Some weeks the industry simply will not let you rest.
This was one of them.
Between mass layoffs, accidentally leaked source code, satellites redefining global connectivity, and a quantum computer crossing a historic threshold — the first week of April made it clear the pace is not slowing.
Here are the five things that stood out most to me, and why I think they matter for those of us working in technology, telecommunications, and AI.
1️⃣ Oracle cuts 30,000 roles to fund its $50B AI bet
The news arrived by email, without warning, on a Tuesday morning.
Oracle began the largest round of layoffs in its history — between 20,000 and 30,000 positions eliminated.
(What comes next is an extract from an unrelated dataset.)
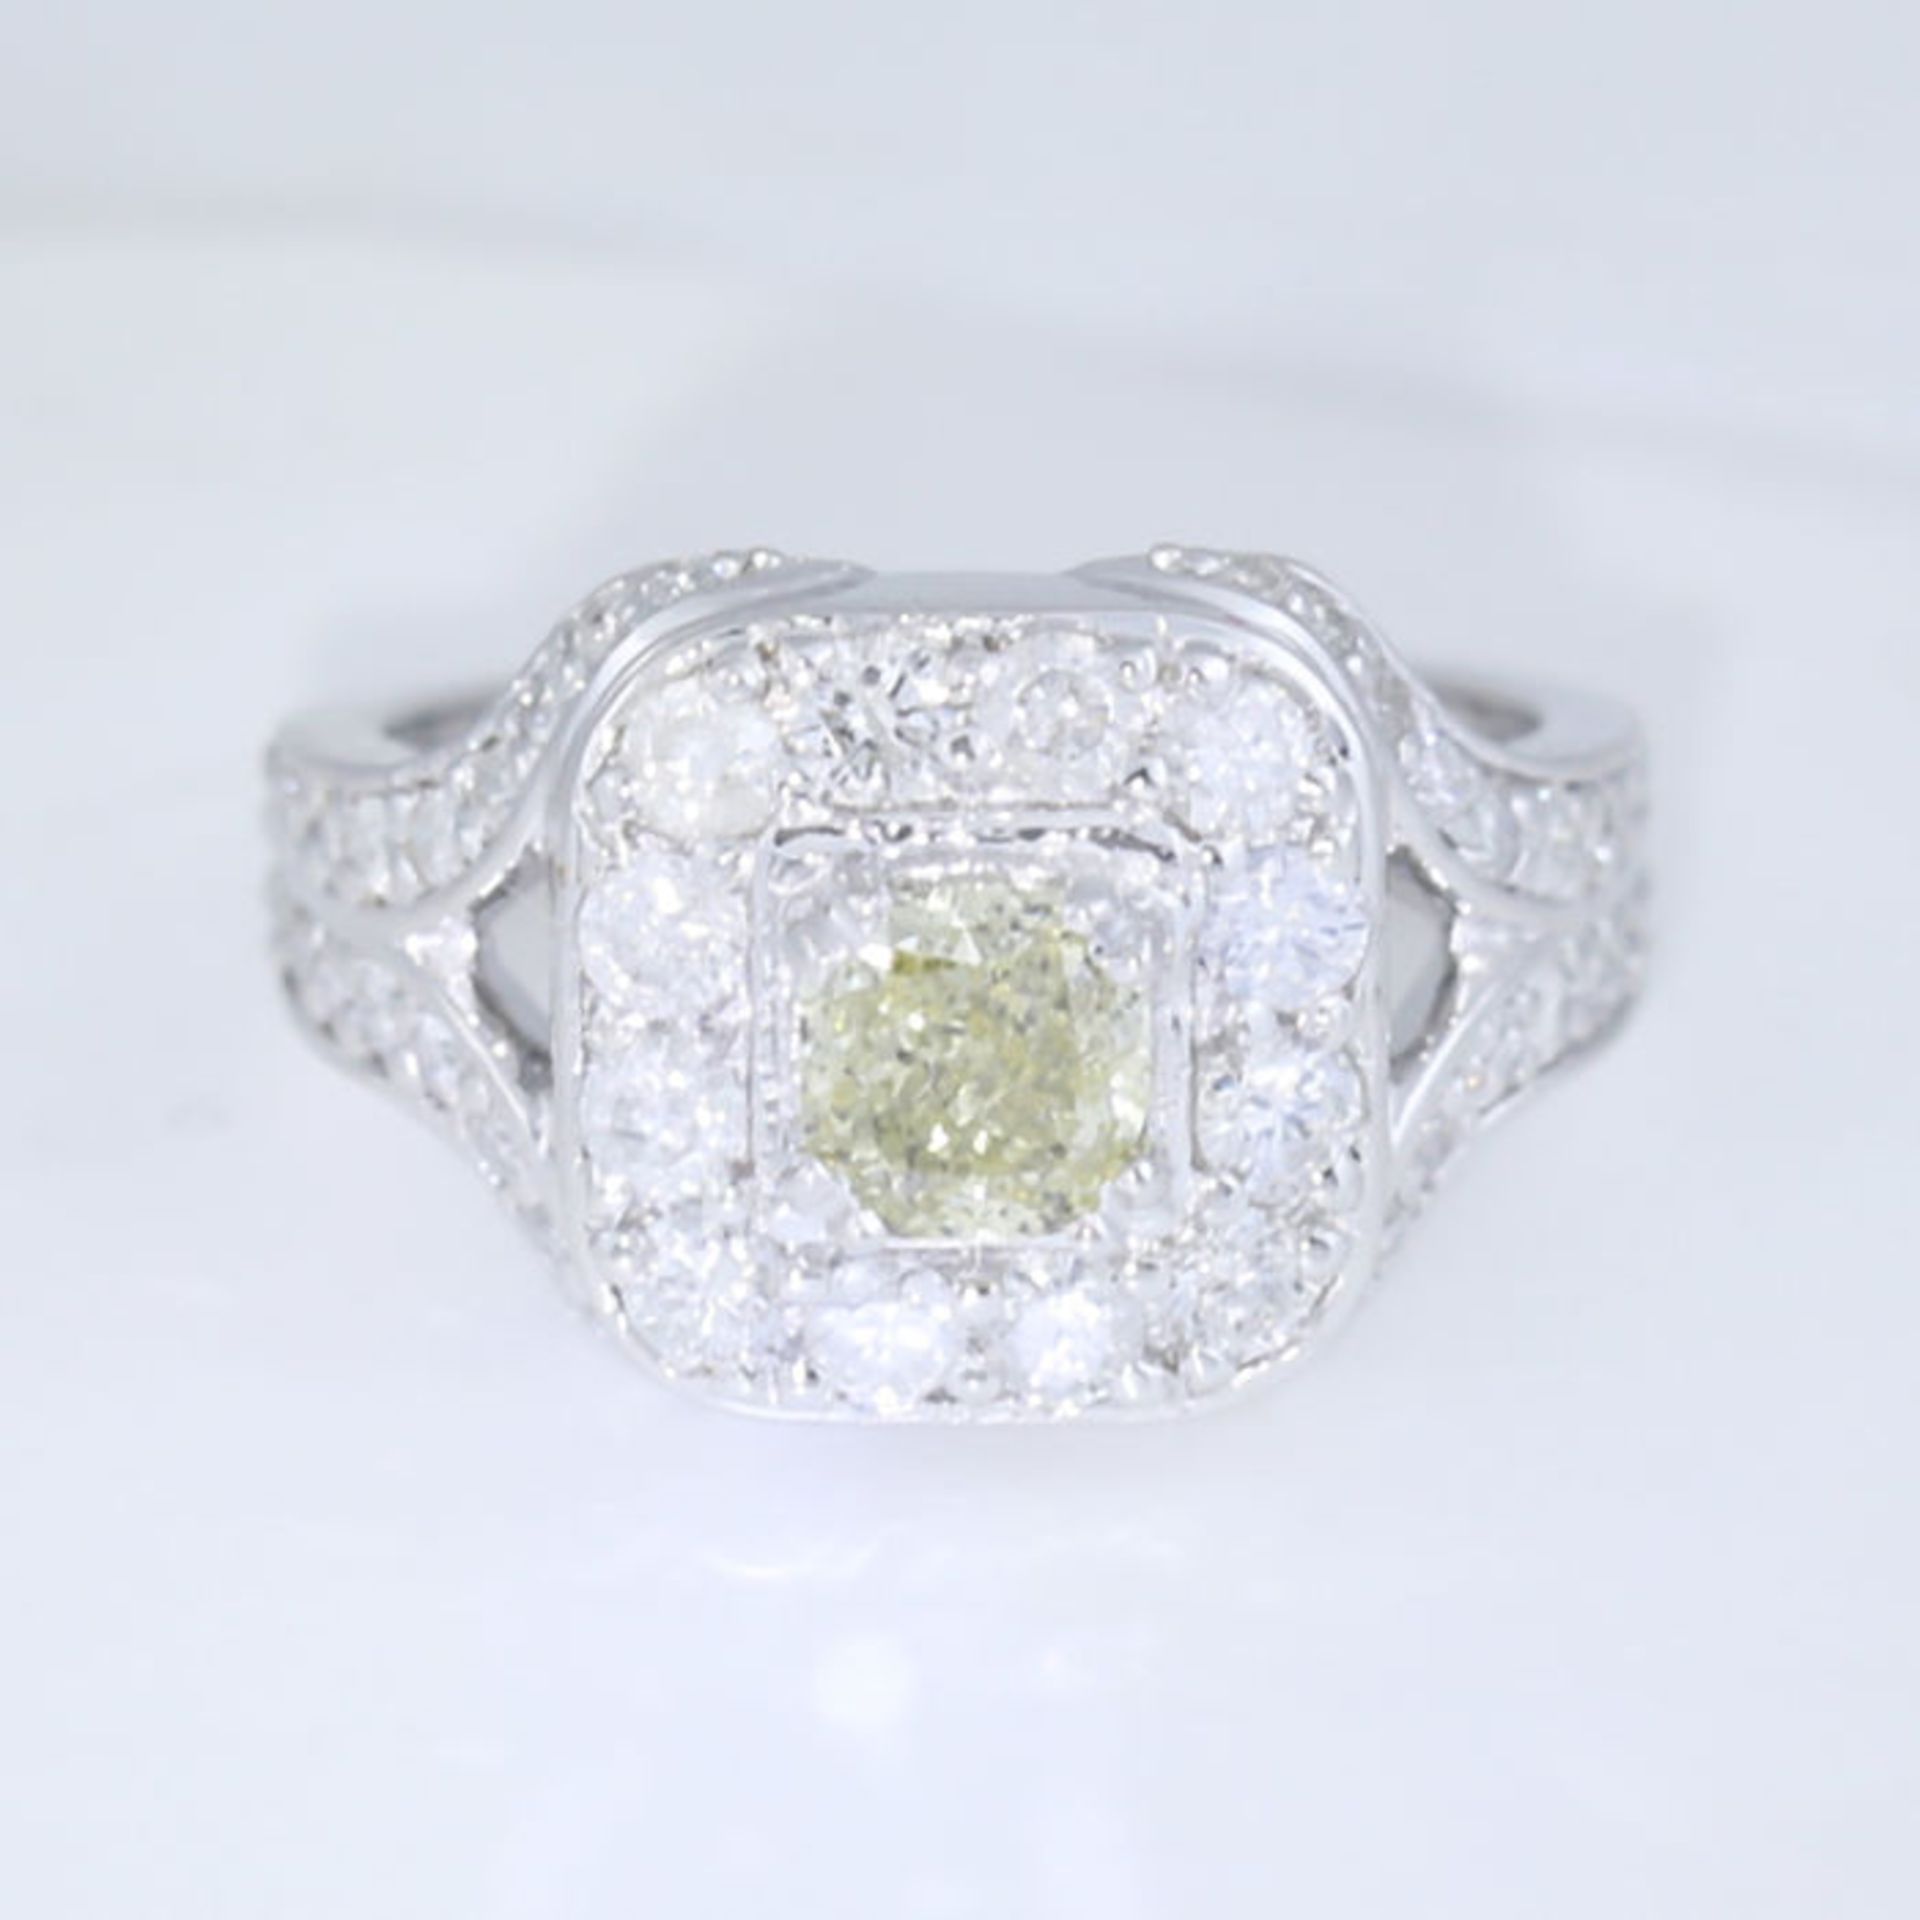 14 K / 585 White Gold Designer Solitaire Diamond (IGI Certified) Ring - Image 3 of 7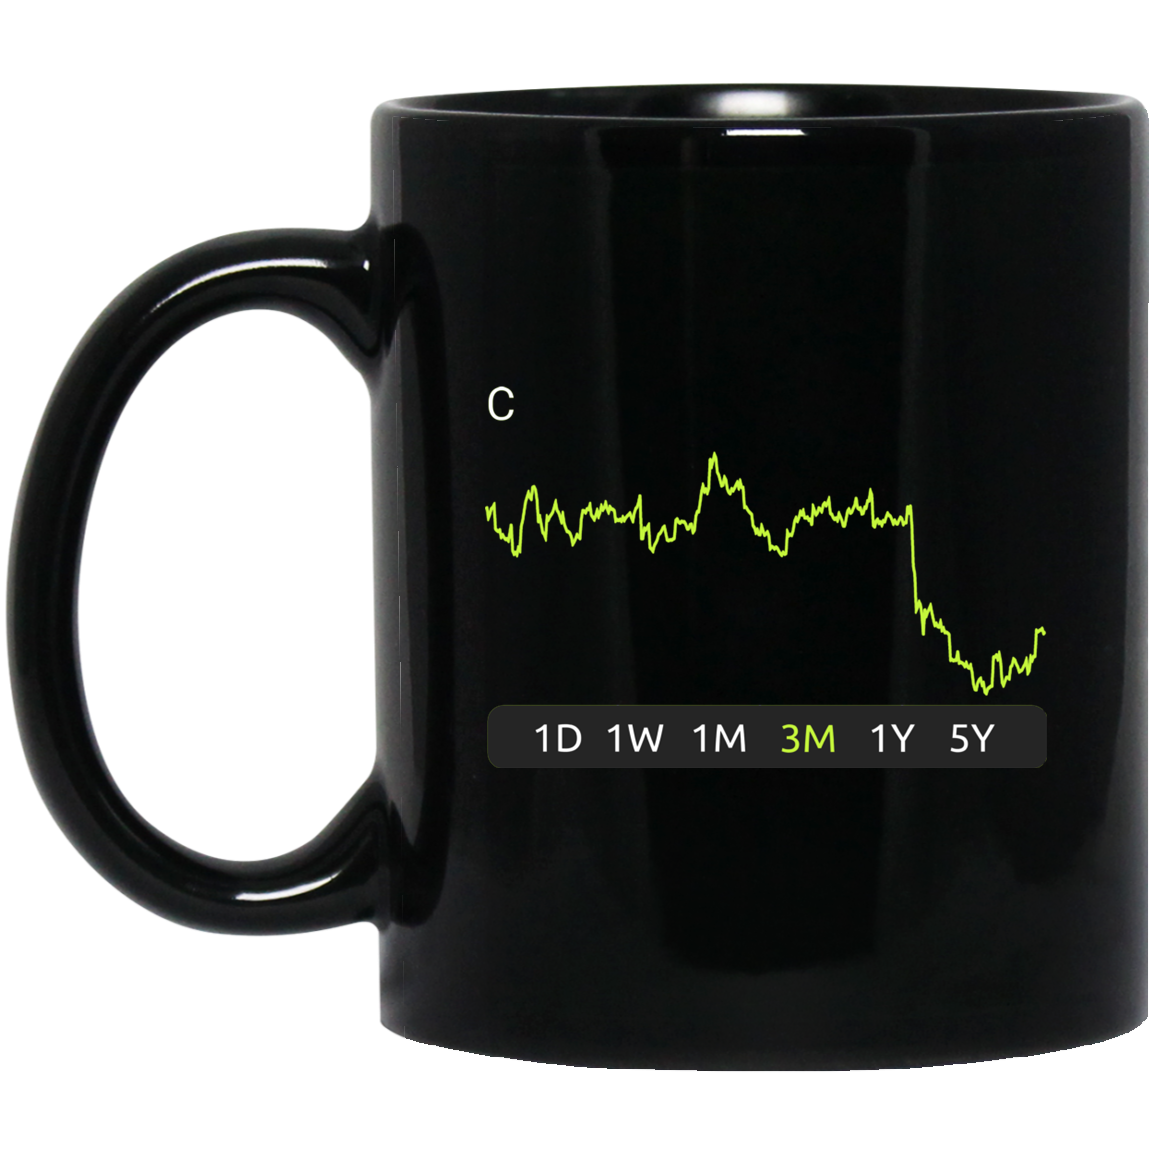 C Stock 3m Mug

Entire teams in SaaS, Cloud, sales, and operations cut by up to 30%.
The reason was not poor performance. It was debt.
The company is building data centers at a scale that is hard to take in: $38B in Texas and Wisconsin, $18B in New Mexico, $16B newly financed in Michigan — all to support OpenAI workloads. To fund this, Oracle said it wants to raise another $50B through debt and equity.
The stock is down ~25% year to date. Shareholders are nervous. And Larry Ellison is still pushing ahead.
For teams working telco and banking infrastructure, this raises questions worth asking: what happens to contracts and dependencies with providers under liquidity stress? Consolidation is accelerating, and organizations that rely on a single cloud vendor will feel that pressure.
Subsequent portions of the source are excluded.